» THE PROBLEM:
Print the data once more, exactly as given. Drop the pictures.

» MATERIAL PROVIDED:
****

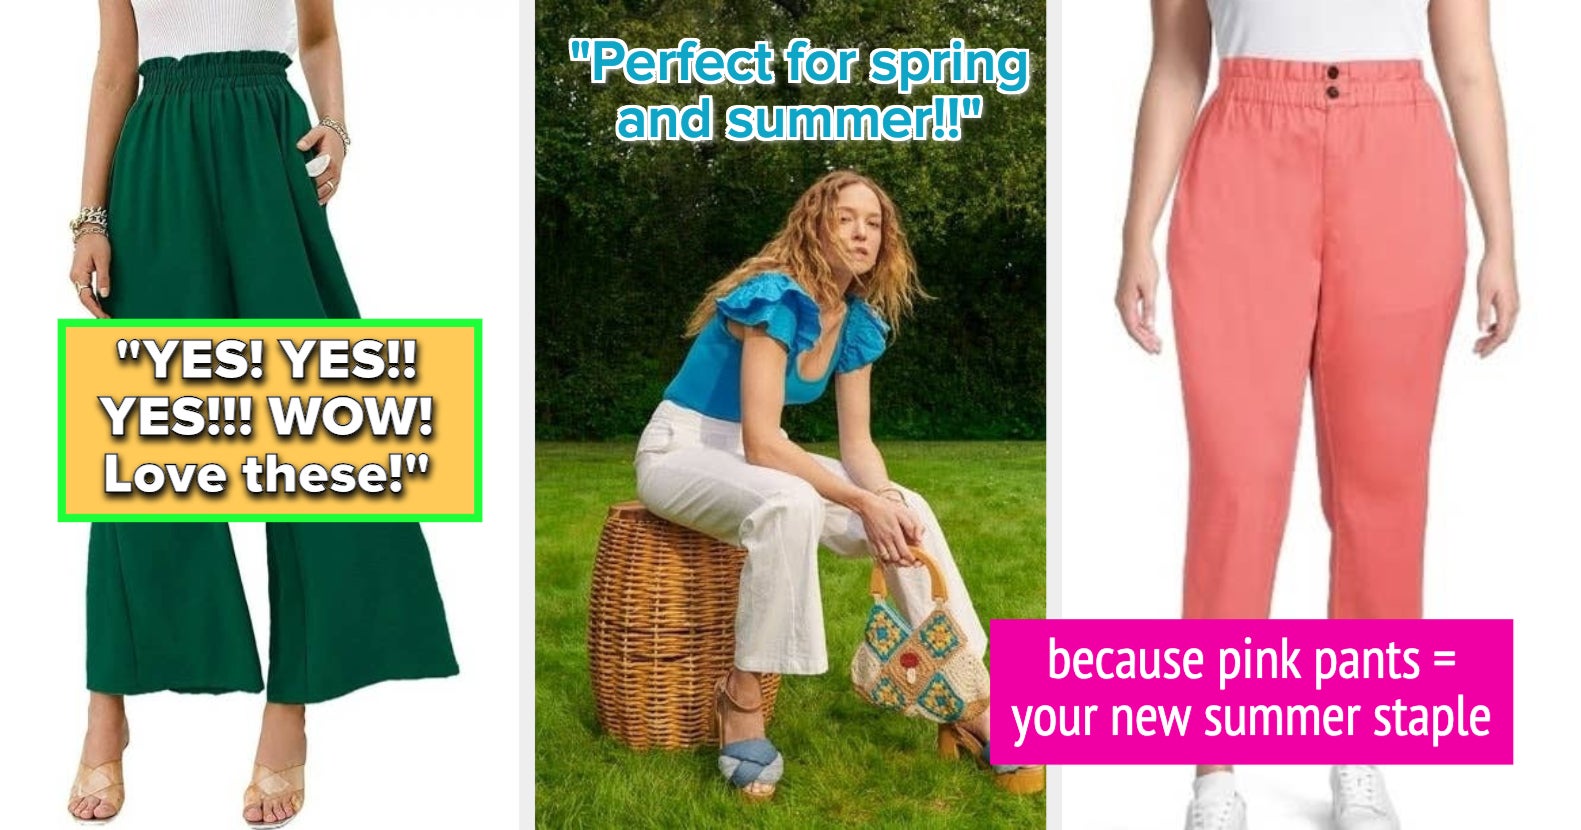 Walmart Outfit Idea - Avia Flare Leggings - Walmart Finds
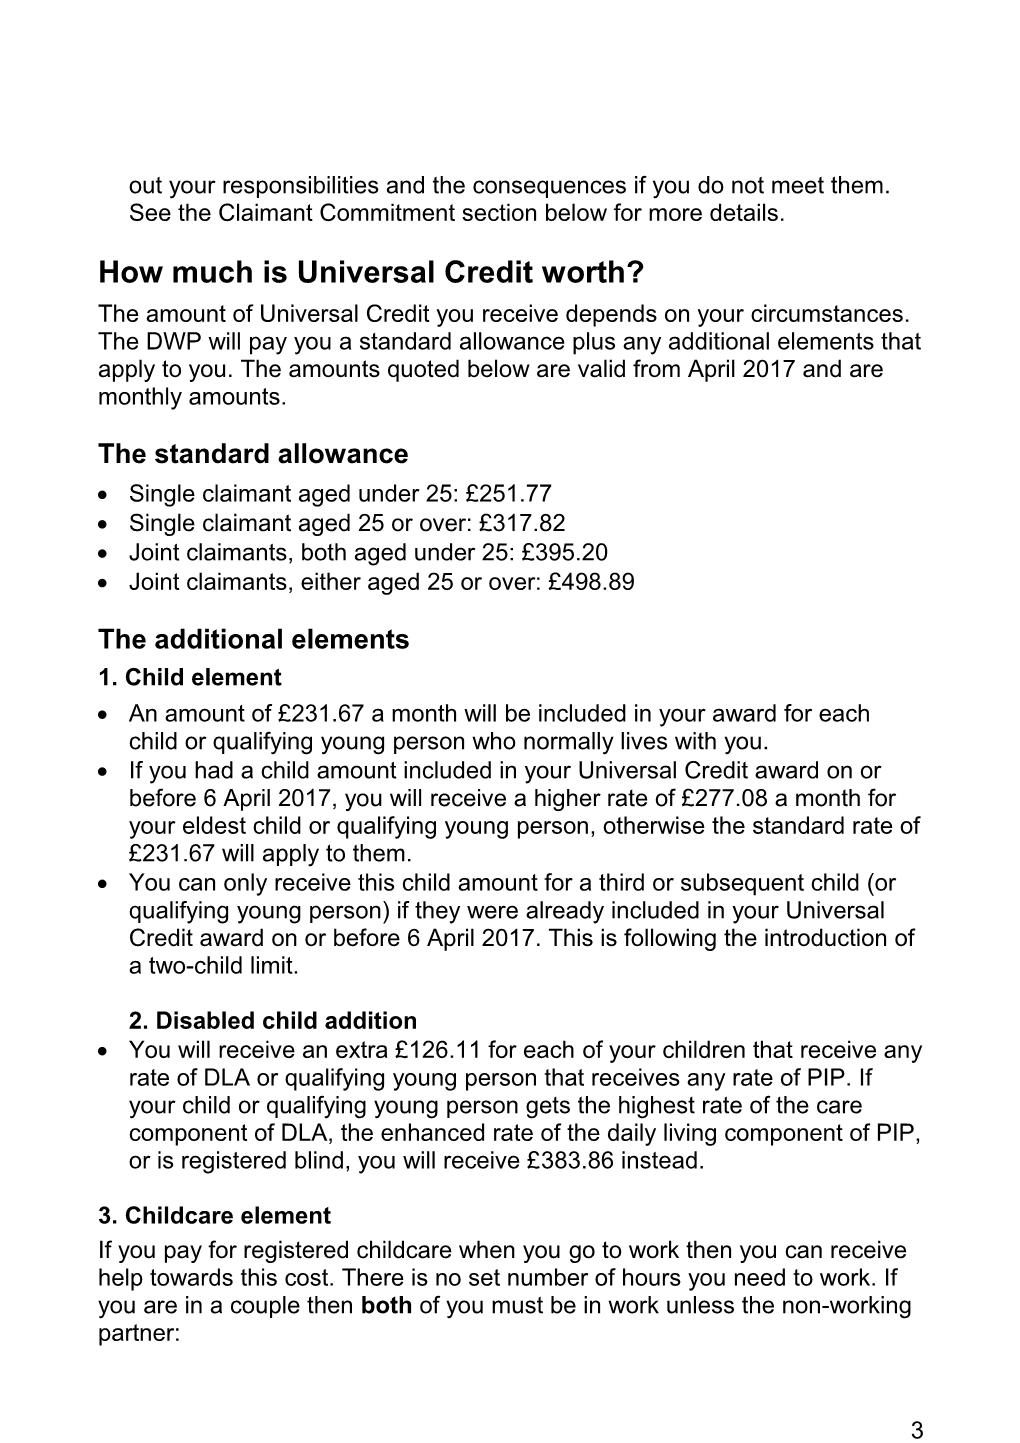 Universal Credit Factsheet
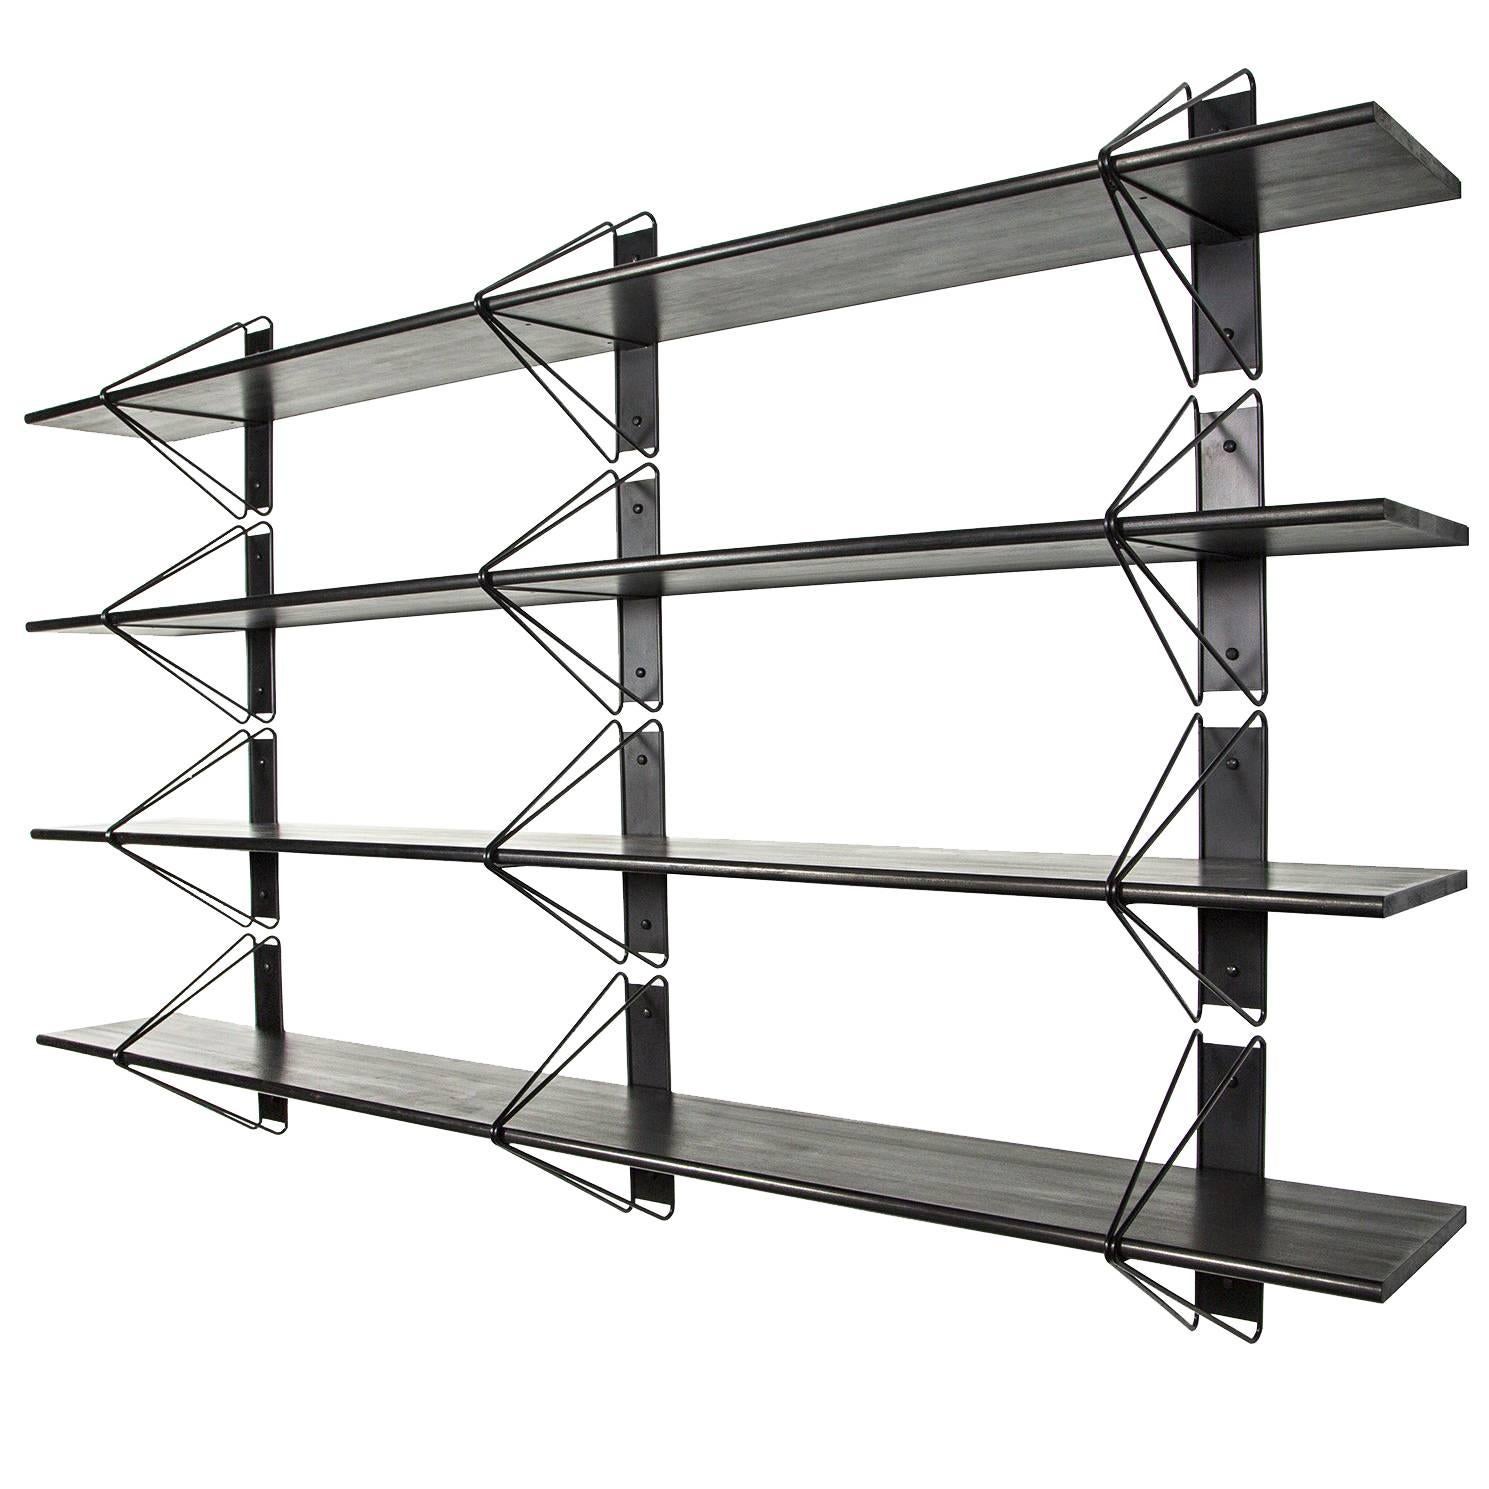 Set of 4 Strut Shelves from Souda, 84in, Black, Made to Order

****

» SOLUTION TO THE PROBLEM:
 Walmart Outfit Idea - Avia Flare Leggings - Walmart Finds
 Universal Credit Factsheet
 Set of 4 Strut Shelves from Souda, 84in, Black, Made to Order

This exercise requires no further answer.